After reflecting on the last several months (pre and post D-Day) it’s clear that OW and her H are messed up (and meant for each other) – they love to screw with people… and in this case she also ended up screwing my H. OWH knows and even so, in a weird way I think he still feels sorry for my H because of what he had also shared with him about our issues (only from his perspective of course). Living across the street from them isn't easy... and I can't wait until May when they move away (military move). If they don't move we are!

But in the end, most days I feel like I’m having the last laugh. I now have a husband who is loving, affectionate, remorseful, helping, caring, attentive… and is trying to do what ever it takes to make me happy. We have been going to MC and he knows that trust will take time.

But is WS still minimizing his actions and feelings towards her to make me feel better? 

On days like today I also worry about his comments about how the emails and texts were more important to him - they gave him the attention he needed – I’m worried that he got addicted to it. And i know that if he wanted to be in contact with her or someone else to get this 'high' he could and could hide it How do you deal with not knowing for sure? 

*And does anything i've said above stick out as a red flag that I'm not seeing and should worry about?*


----------



## baldmale (Dec 29, 2010)

Yes, he is minimizing to spare you. Think about the excitement and newness of being with others sexually for the first time(s). This is the passion that makes people leave their spouses and their kids...literally ruining careers and families in the process. They throw away their values and everything they thought they believed in. And your hubby would like you to believe that he did all this for ho-hum gee golly gosh plain jane sex?

C'mon. Really? You know why he took so long to orgasm (if true): because guys want to really impress chicks the first few times - show 'em who's a real stallion if you know what I mean. I could literally go for an hour straight with new women because these are the times when women are deciding if you're a good lover. Put your very best into the effort sort of thing.

Still, none of this should reflect poorly on you. It's just the newness that is the mind blowing experience, not necessarily the OW. Hell, she could actually have been waaaaay less attractive than you in every way, but still guess what - she is DIFFERENT. And nothing can possibly compare to that if he wants different.
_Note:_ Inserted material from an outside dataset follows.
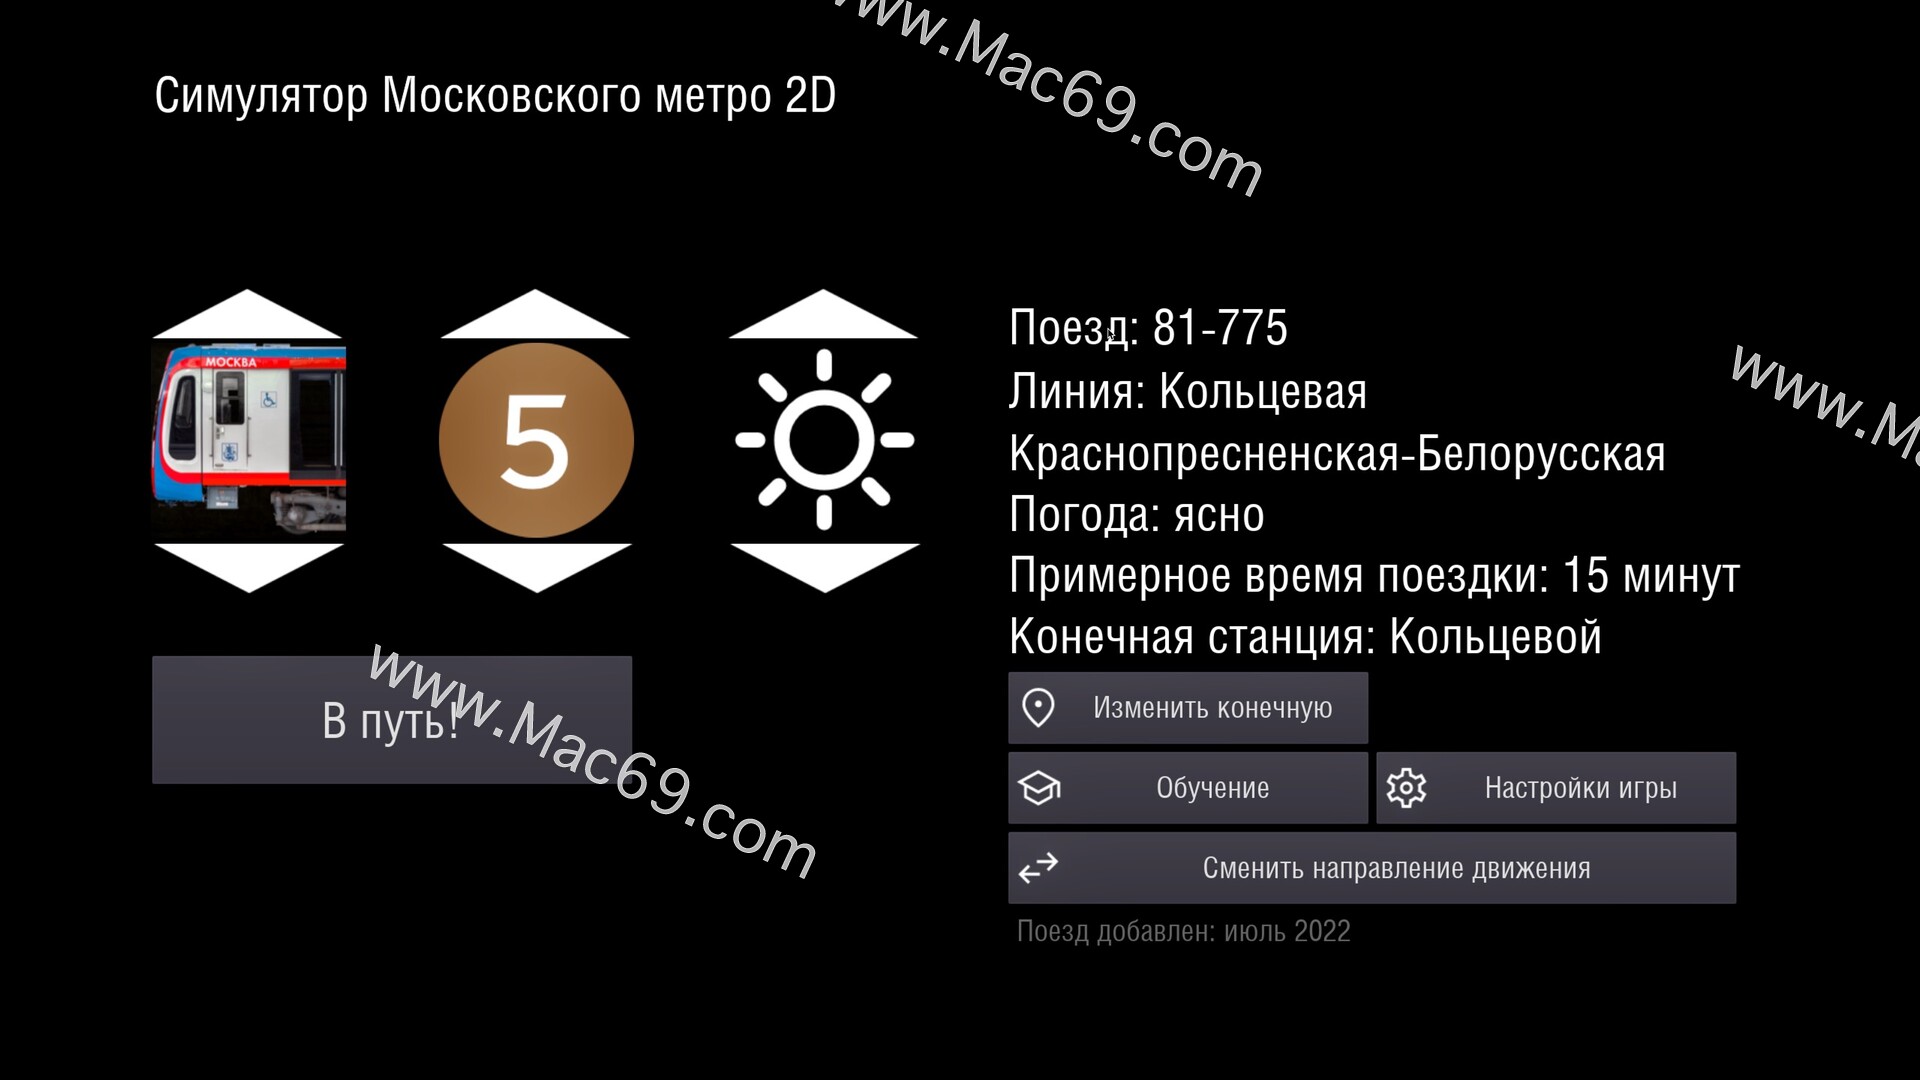 地铁模拟器Metro Simulator 2D for Mac(2D模拟游戏)

The only thing I could suggest is set up a polygraph to get the truth you want...but really, at this stage, what are you hoping to prove? Whether he was yawning (not likely) or screaming and panting his heart out (bingo!), the sex happened. He put in half the effort to take it there. 

But now you are in a better place moving forward. I'd suggest you do that.


----------



## Jellybeans (Mar 8, 2011)

Well you caught him RED-handed f-cking another woman in your own home. That pretty much says it all. Then, you learn it was a 4-month long affair and the worse thing, IMO, is having to live across the street from these a$$holes. My H said nearly the EXACT same thing that yours said -- how he only did it cause she was 'there' and I wasn't (Um, I was at home, fool!), how she basically offered it up on a silver platter, how she meant nothing to him, how he couldn't f-ck properly, how it felt wrong, and blah blah blah. 

It's called a SCRIPT for that very reason: cause they're all reading the same lines.

Oooh I do not envy you what with having to live in such close proximity and all but here's the thing:

He must end all contact with this slag completely and FOREVER. No contact. AT ALL. He needs to EARN his way back into your heart. Don't just go forigiving him w/o making him face some consequences and mapping out what needs to be done (honesty, TOTAL transparency, marriage counselling, remorse, empathy, and an apology).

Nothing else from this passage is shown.